Ho vissuto non poco la mia sessualità. Così, più che guardare l’uomo, o solamente il maschio, ormai gli faccio i raggi X. E questo è un bene perche mi evita delle possibili cantonate; e questo è un male perché mi nega la speranza di credere in quello che desidero. Sapete bene, che per amore intendo una corrispondenza di stati. Con i miei sciagurati, ve lo lascio immaginare che tipo di corrispondenza può stare in piedi! Ma non è uno spirito di sfiducia, quello che per primo frena i miei desideri e/o le mie illusioni; è uno spirito di verità. Non vi dico quanto comprovata.

Ultimamente avevo un paio di amanti fissi. Vuoi per i motivi appena detti, vuoi perché mi hanno rotto le palle al punto che ho indicato loro la porta! (Sbaglia la giovinezza che crede di potersi permette di essere stronza con l’amante maggiore!] Sto vivendo così, un momento di astinenza. Nulla di grave. Tanto più, perché favorita dall’ovvio calo della mia vitalità. La vecchiaia non sempre è un guaio!

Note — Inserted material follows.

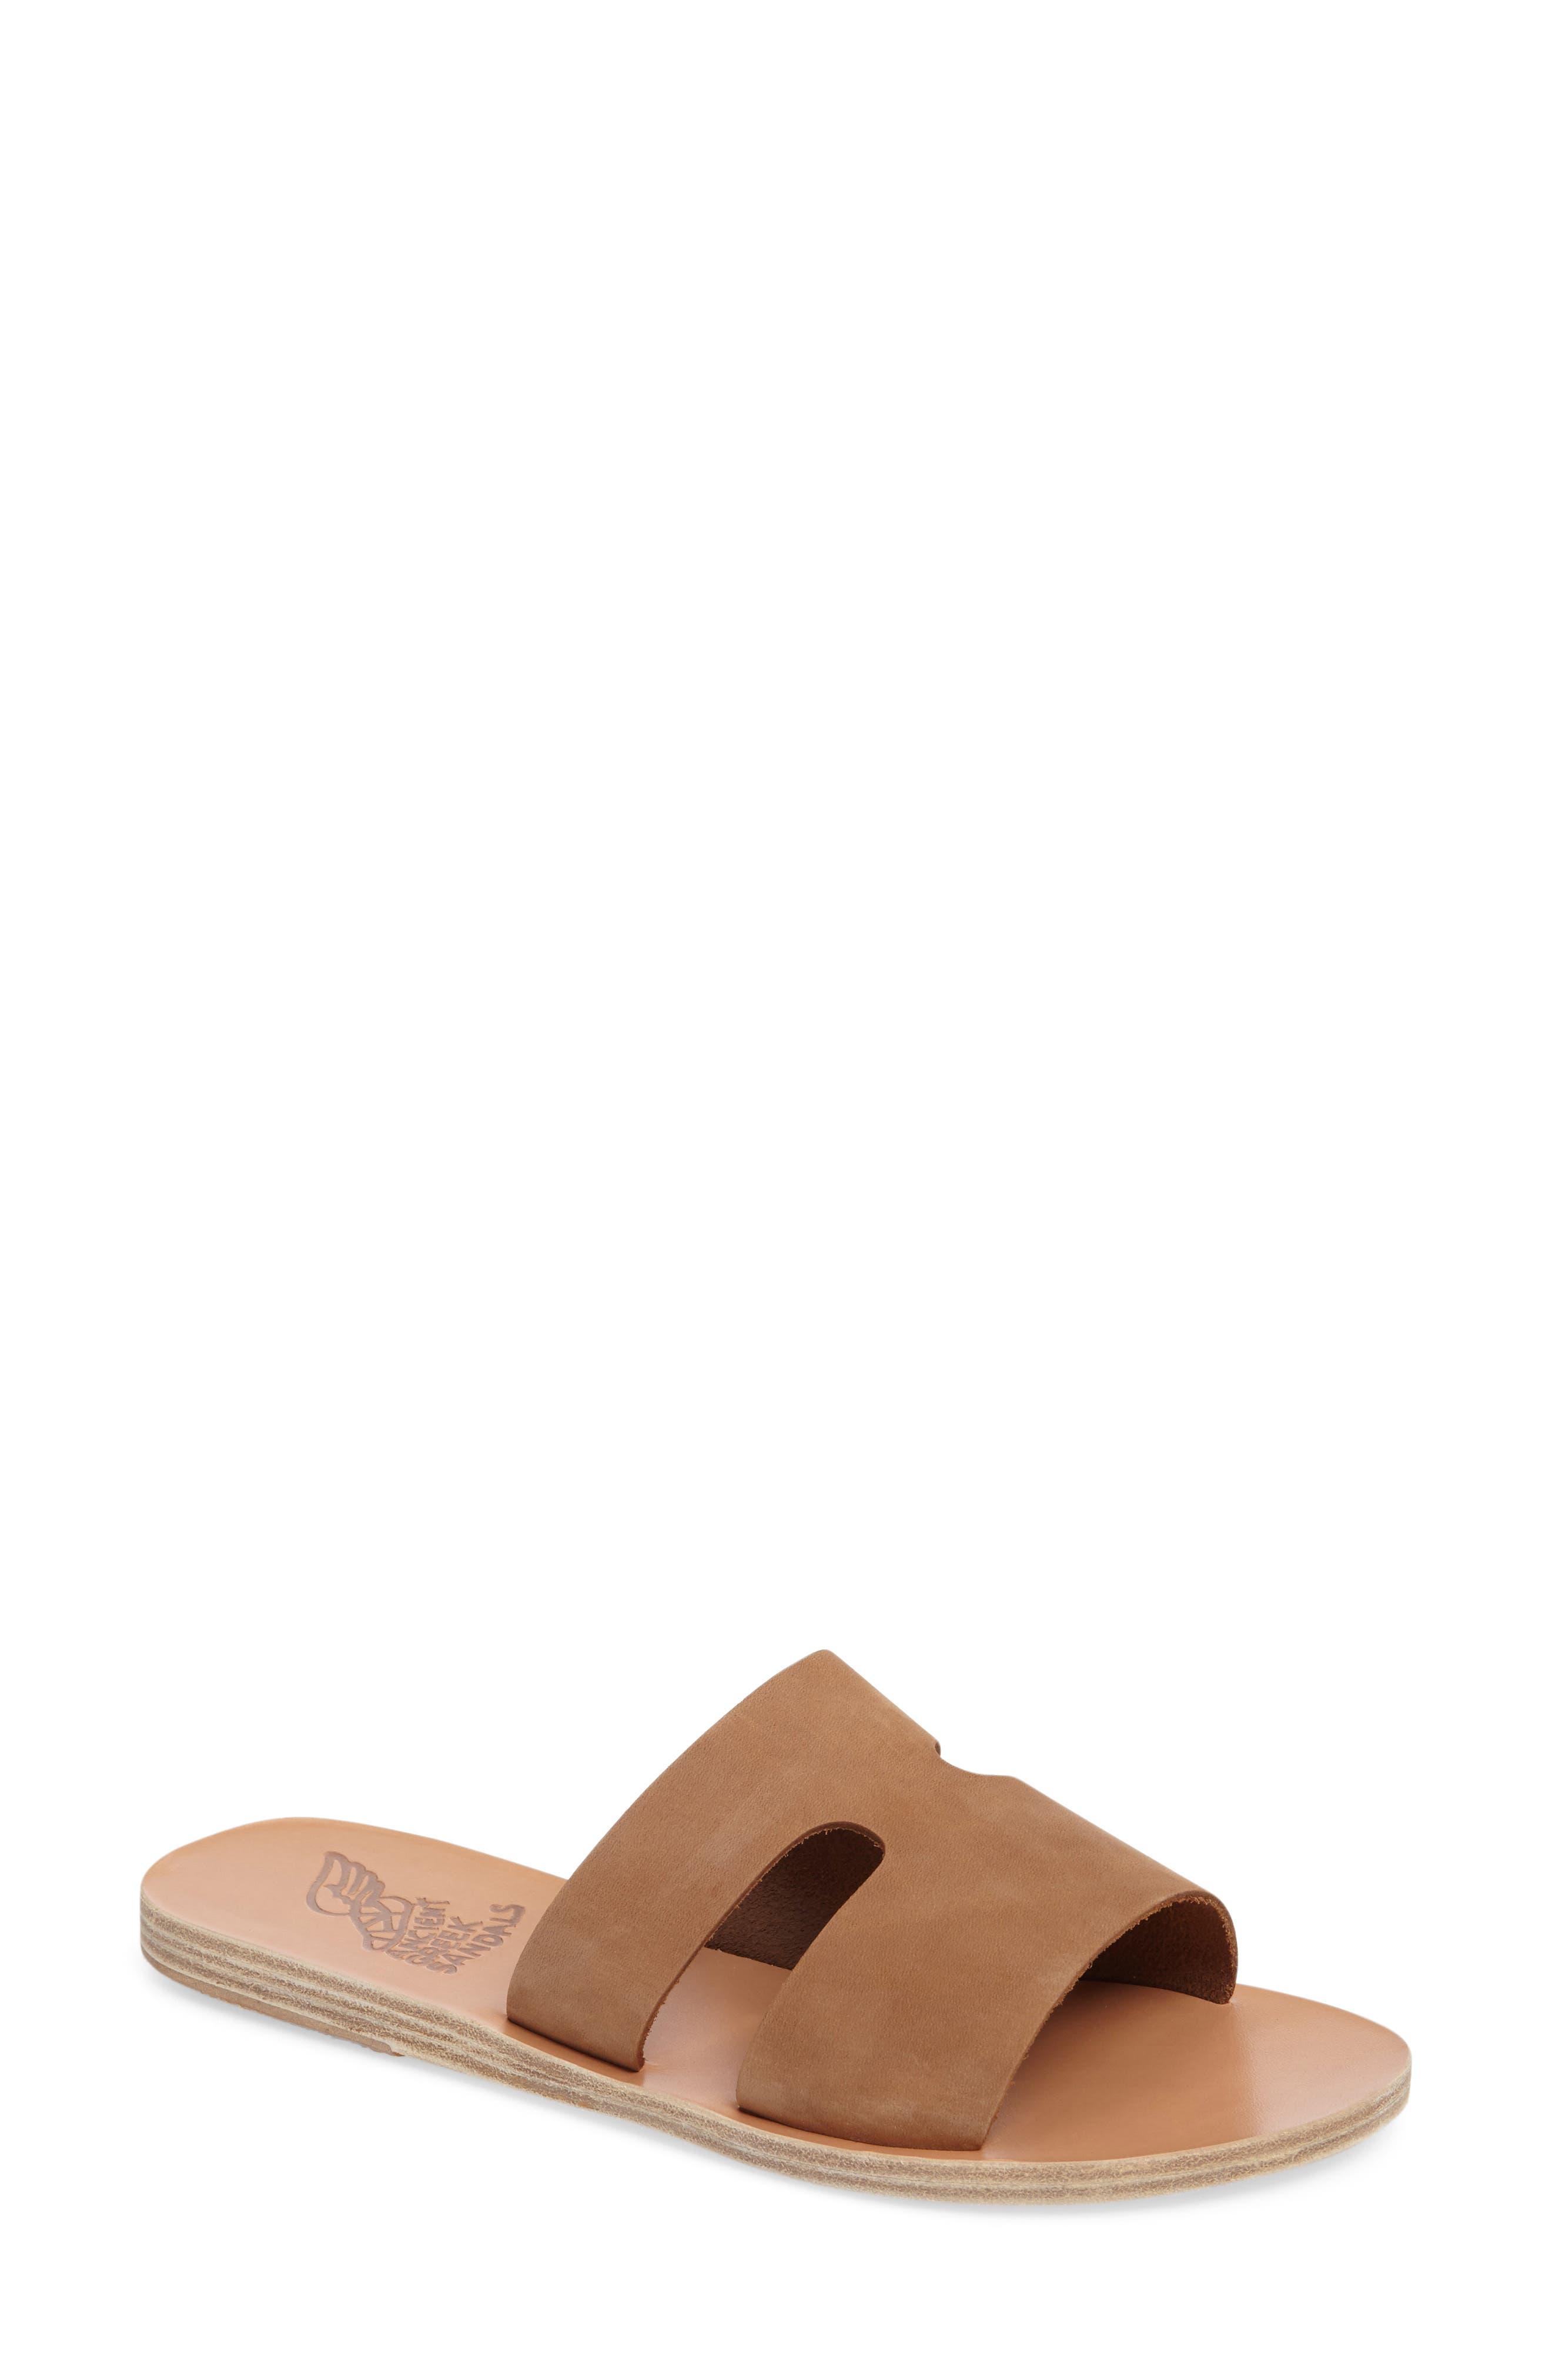 Main Image - Ancient Greek Sandals Apteros Slide Sandal (Women)
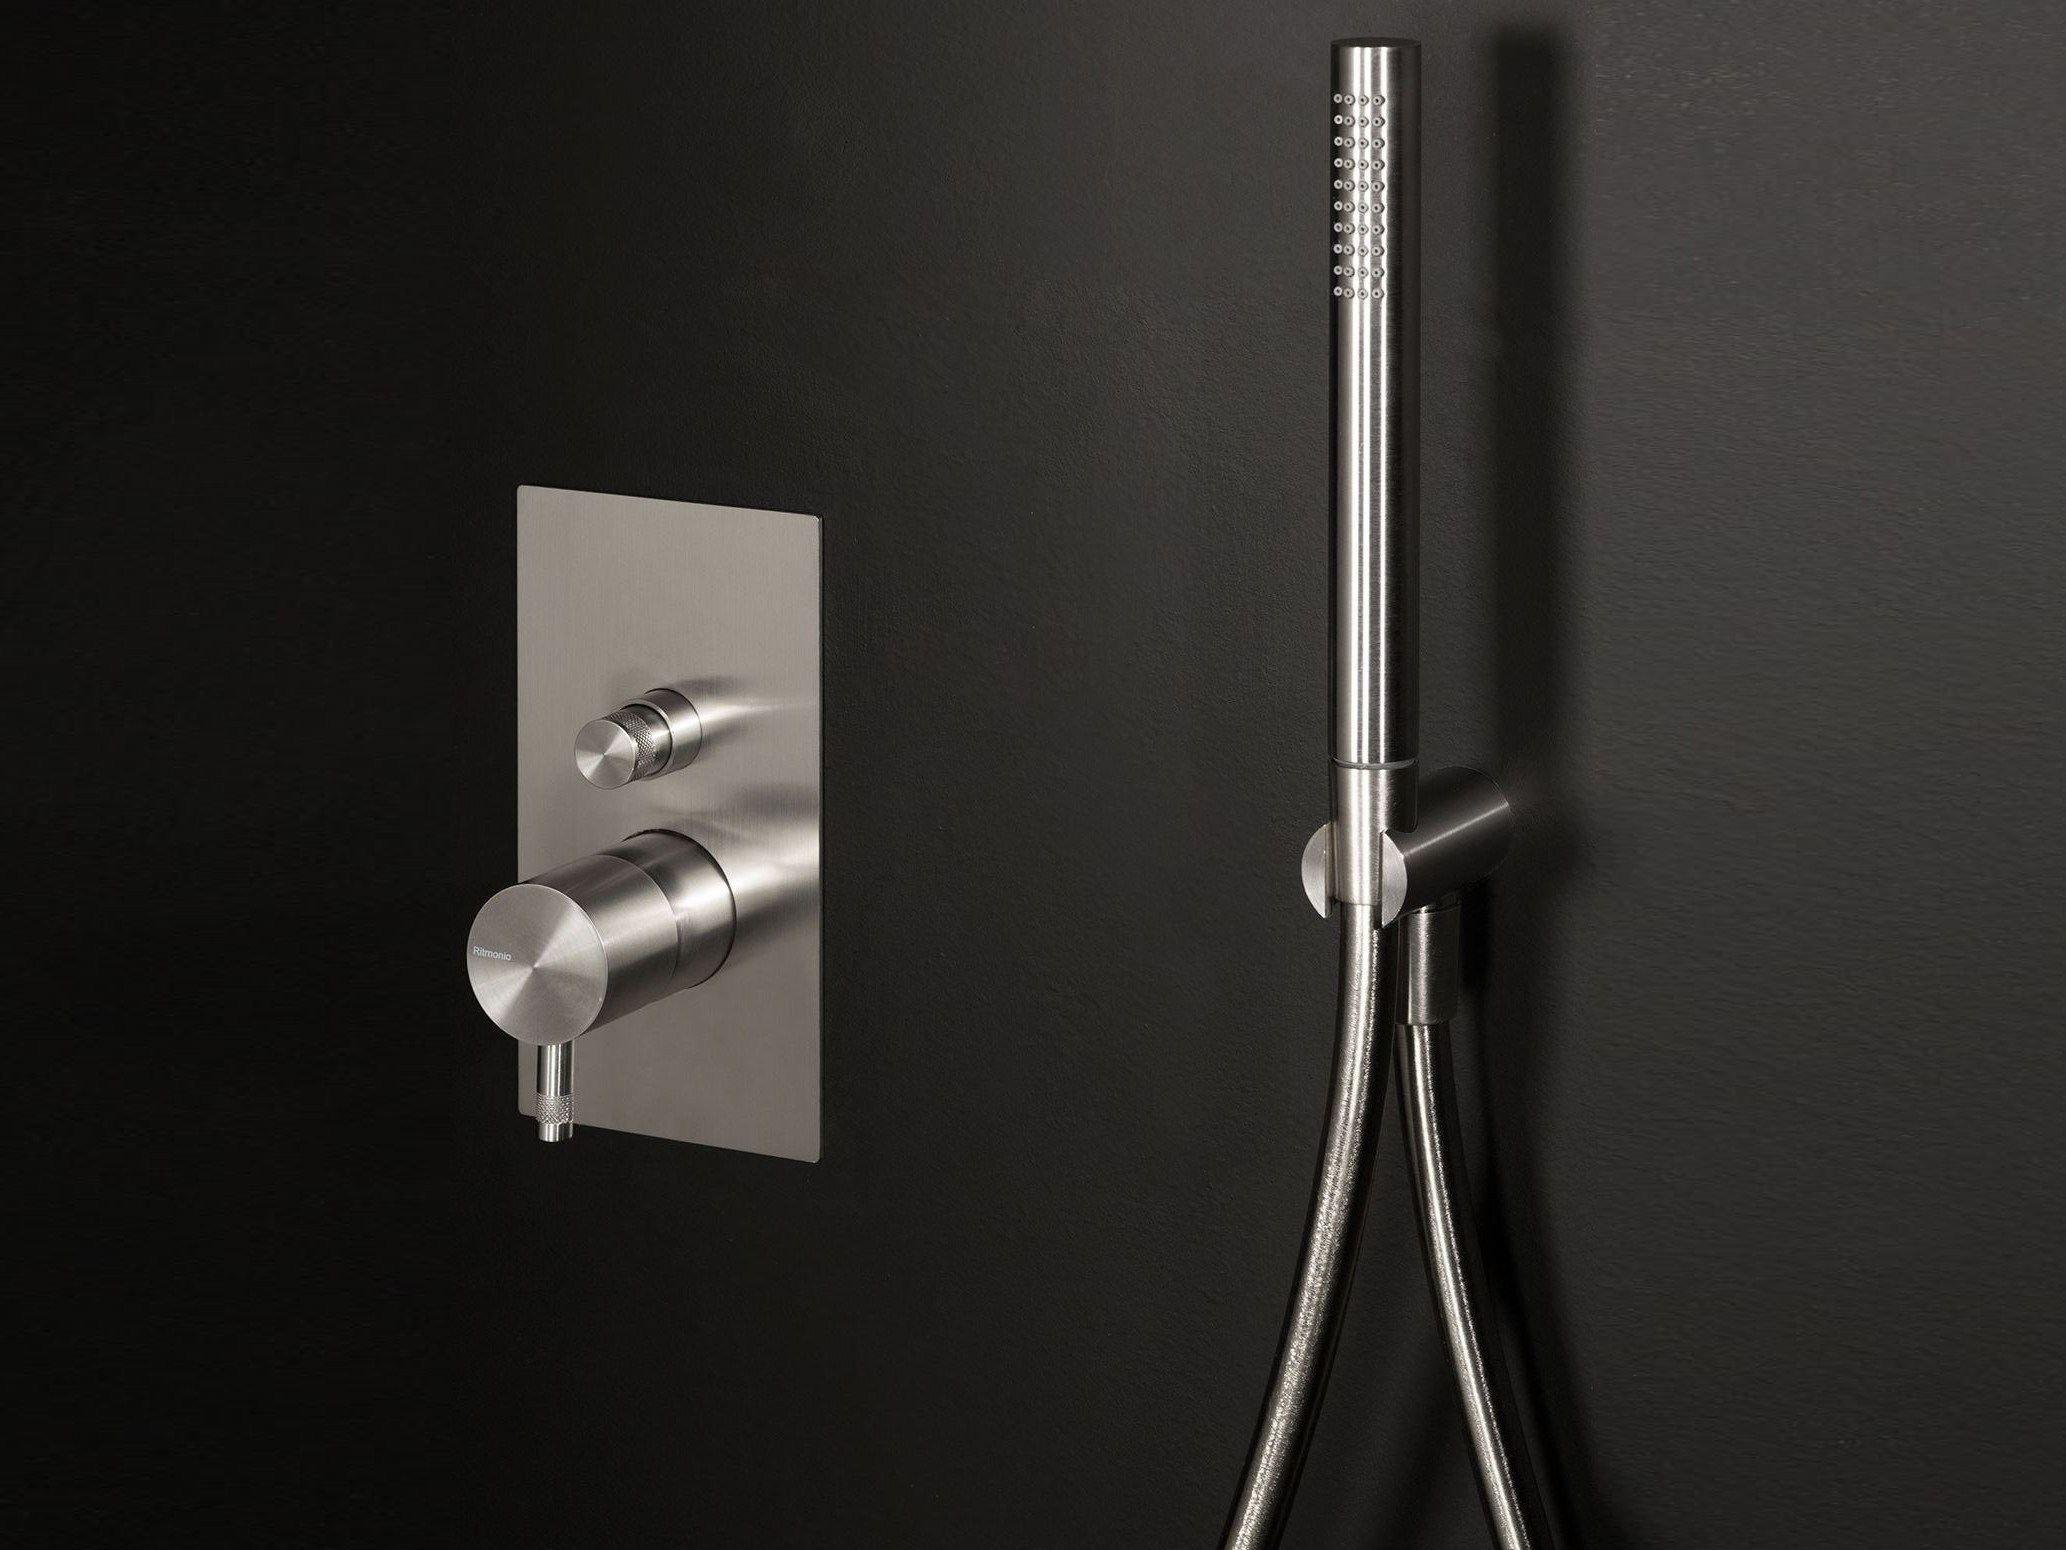 Diametro35 Inox Shower Mixer With Diverter By Rubinetterie

C’è astinenza dal piacere verso il corpo, e c’è astinenza dal piacere verso la mente, ma la vita non può stare in astinenza verso ambedue, così, dove la mente è in astinenza da piacere, la compensa il corpo e dove è astinente il corpo, lo compensa la mente. Se accostabile il parallelo, si può anche pensare, allora, che la chiesa costringe i preti al celibato, appunto per costringere la loro mente a compensare il loro corpo con quel putativo piacere. Liberi da quella castrazione, quanto, il sacerdote o la suora, saprebbero porre il loro pensiero religioso (con quanto d’impegni che ci gira attorno) prima di un piacere sessuale, che li porterebbe a vivere la loro vita, (omosessuale o eterossessuale che sia) forse prima di quella della missione? Mah! Prevedendo e negando quella possibilità, la chiesa èstata saggia? Dove vi è dolore da mancato equilibrio fra piacere naturale e dovere sacerdotale direi proprio di no! Che dovrebbe fare la chiesa per essere veramente saggia? Secondo me, proibire il matrimonio, ma accettare la diversa scelta. Forse si ritroverà con meno preti. Forse si ritroverà con preti meno sofferenti. Forse si ritroverà con meno truccati. Forse si ritroverà con più Uomini e più Donne. Forse, si ritroverà.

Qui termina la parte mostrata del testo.